Civil groups to sue NSWMC over marine plastic pollution

Oceana Philippines, a marine conservation advocacy group, together other civil society associations, plan to file charges against the National Solid Waste Management Commission (NSWMC) for failing to address the country’s plastic pollution problem.

Oceana vice president Gloria Estenzo Ramos said, “More than two weeks have passed, and we are still waiting for the responses of government agencies. If they do not provide the necessary mandated action to mitigate this huge problem of plastic pollution, then we will pursue all available legal remedies as provided for by the Constitution and the various laws in the country.”

Under Republic Act 9003 or the Ecological Solid Waste Management Act of 2000, the NSWMC is mandated to prepare a list of Non-Environmentally Acceptable Products and Packaging (NEAPP) within a year after the law’s effectivity and updates every year thereafter.

The commission is composed of 14 national government agencies and private sector representatives.

Oceana stressed that the manufacture, distribution or use of non-environmentally acceptable packaging materials and the importation of consumer products packaged in non-environmentally acceptable materials are prohibited under Section 48 of RA 9003.

Ramos emphasized that several countries are already taking action to reduce microplastics in the environment, but the Philippines has not taken sufficient initiative towards this goal.

“While the Philippines has a law regarding solid waste management, implementation by concerned government agencies remains lacking,” Ramos said.

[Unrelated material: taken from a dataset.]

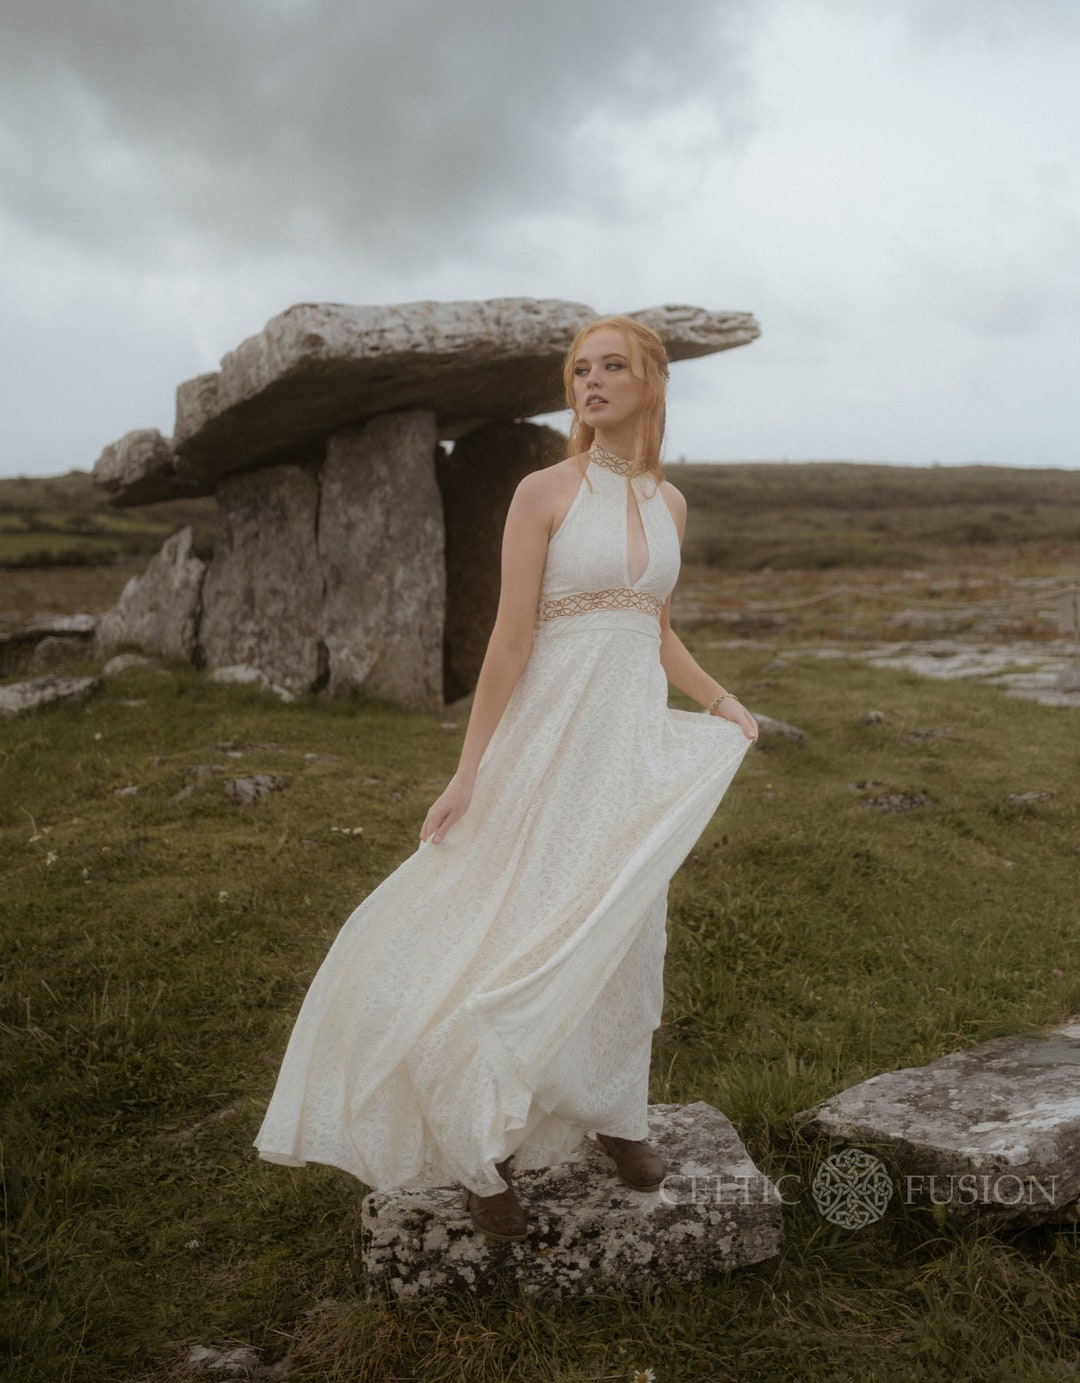 Gorgeous Wedding Dress With Chiffon Celtic Style Sleeves - Etsy | Celtic  wedding dress, Victorian wedding dress, Aline wedding dress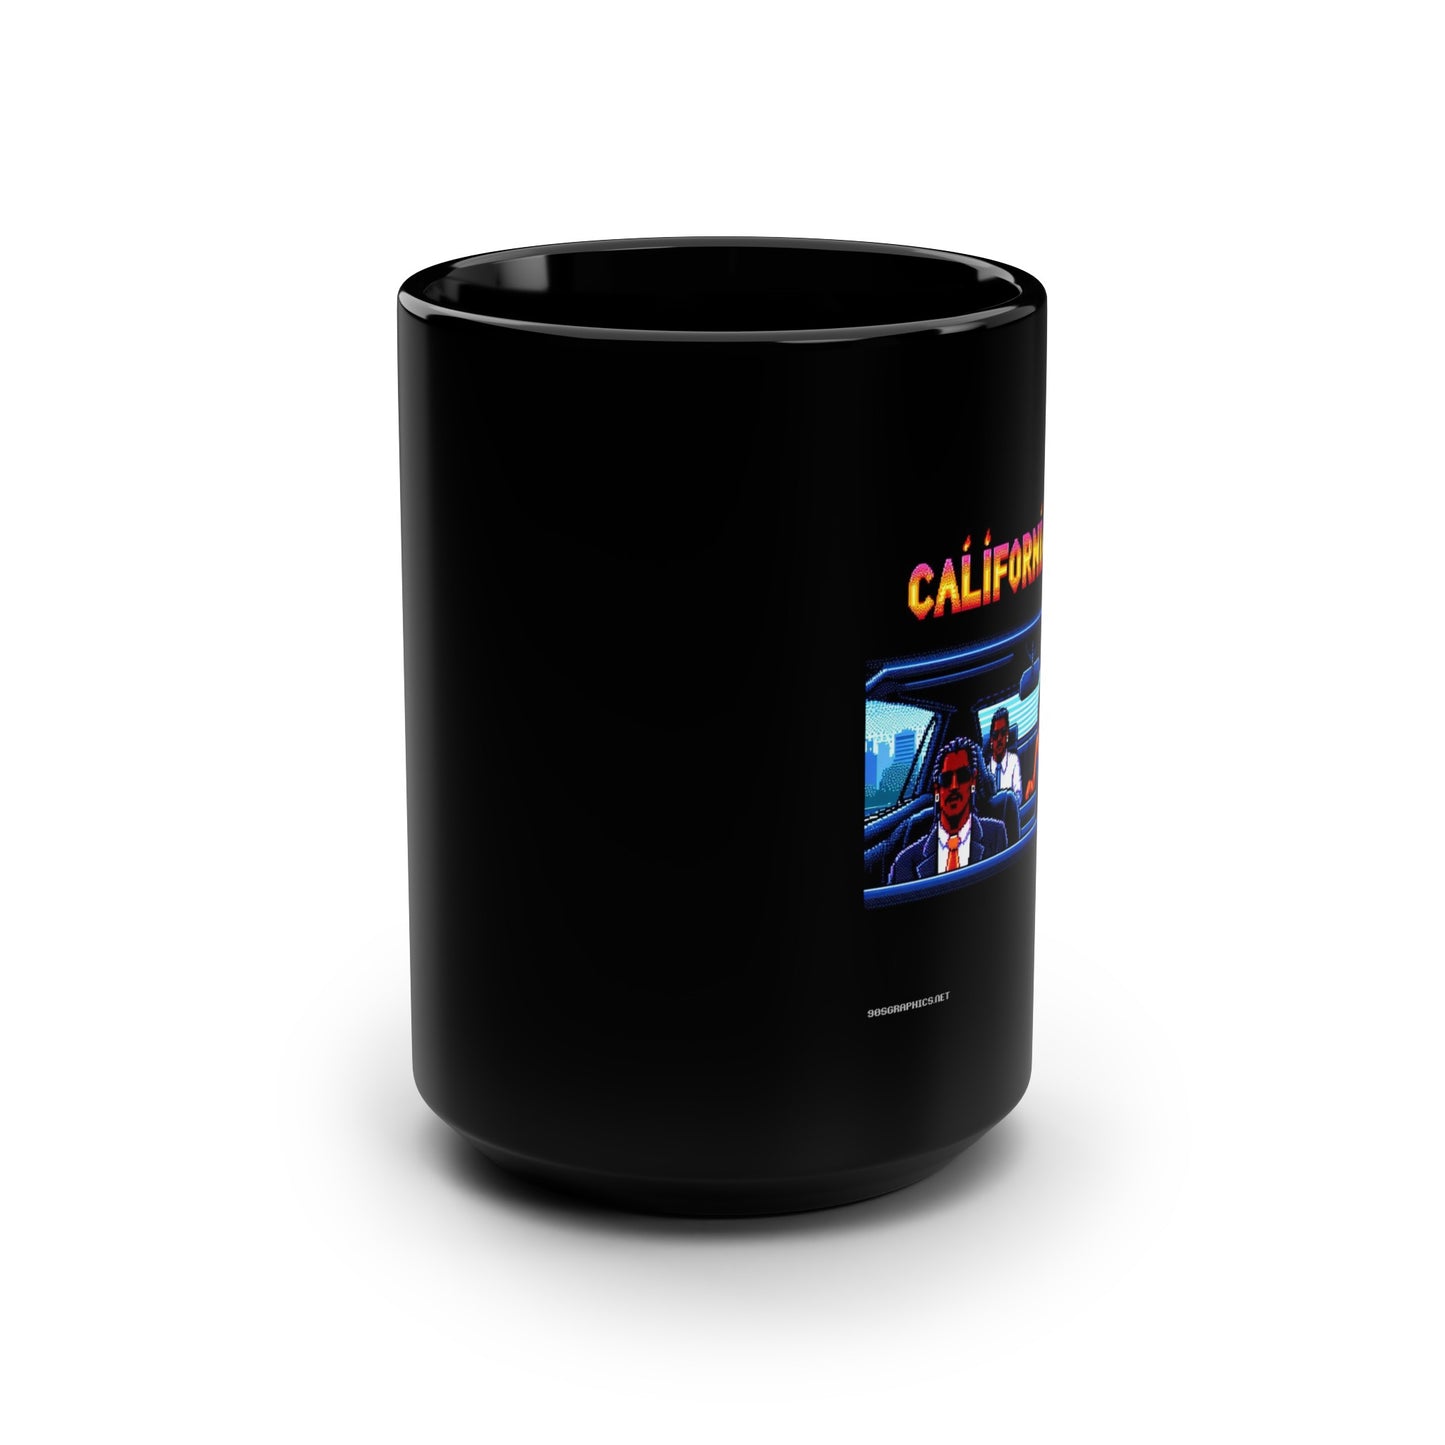 CALIFORNIA HEAT Black Mug, (15oz)-15oz-

The Oceana official cited data from the Waste Assessment Brand Audit 2019 report of the Global Alliance for Incinerators Alternatives (GAIA) which showed that the country produced daily 164 million pieces of sachets, 48 million shopping bags, 45.2 million pieces of “labo” bags or thin transparent plastic bags.

Oceana had been urgently pleading for government to act on worsening plastic pollution in our seas due to its critical threat to our food security.

Ramos said the primary source of the marine plastic pollution problem is single-use plastic that takes thousands of years to decompose, effectively destroying the environment.

Ramos added, “Even larger plastics such as polyethylene plastic bags cause direct threats to whales and turtles as they get inadvertently ingested and cause blockages to the gut.”

Australian fishery veterinarian Matt Landos said plastics in general contain hazardous chemical additives that can combine with other toxic chemicals from other water pollutants.

Some of the toxic chemicals, he said, remain in the environment for decades and build up in the food chain.

Landos, director of the Future Fisheries Veterinary Service based in New South Wales, added that microscopic life such as zooplanktons found at the bottom of marine food webs confuse the plastic particles for food, contributing to their malnutrition and exposing the fish and the food chain, including fish eaters, to toxic chemicals.

“Zooplanktons are important in the aquatic food chain as these provide the first meal for the fish in their early life. Those aquatic creatures that rely upon these zooplanktons further up the food chain suffer in a knock-on domino effect of starvation,” Landos said.

Lando quoted from a recent report by the International Pollutants Elimination Network (IPEN) that said microplastics have already been detected in marine organisms from plankton to whales, in commercial seafood, and even in drinking water.

According to the report, most plastic chemicals are toxic, and microplastics attract, concentrate and magnify other persistent toxic chemicals from the surrounding aquatic environment onto their surfaces.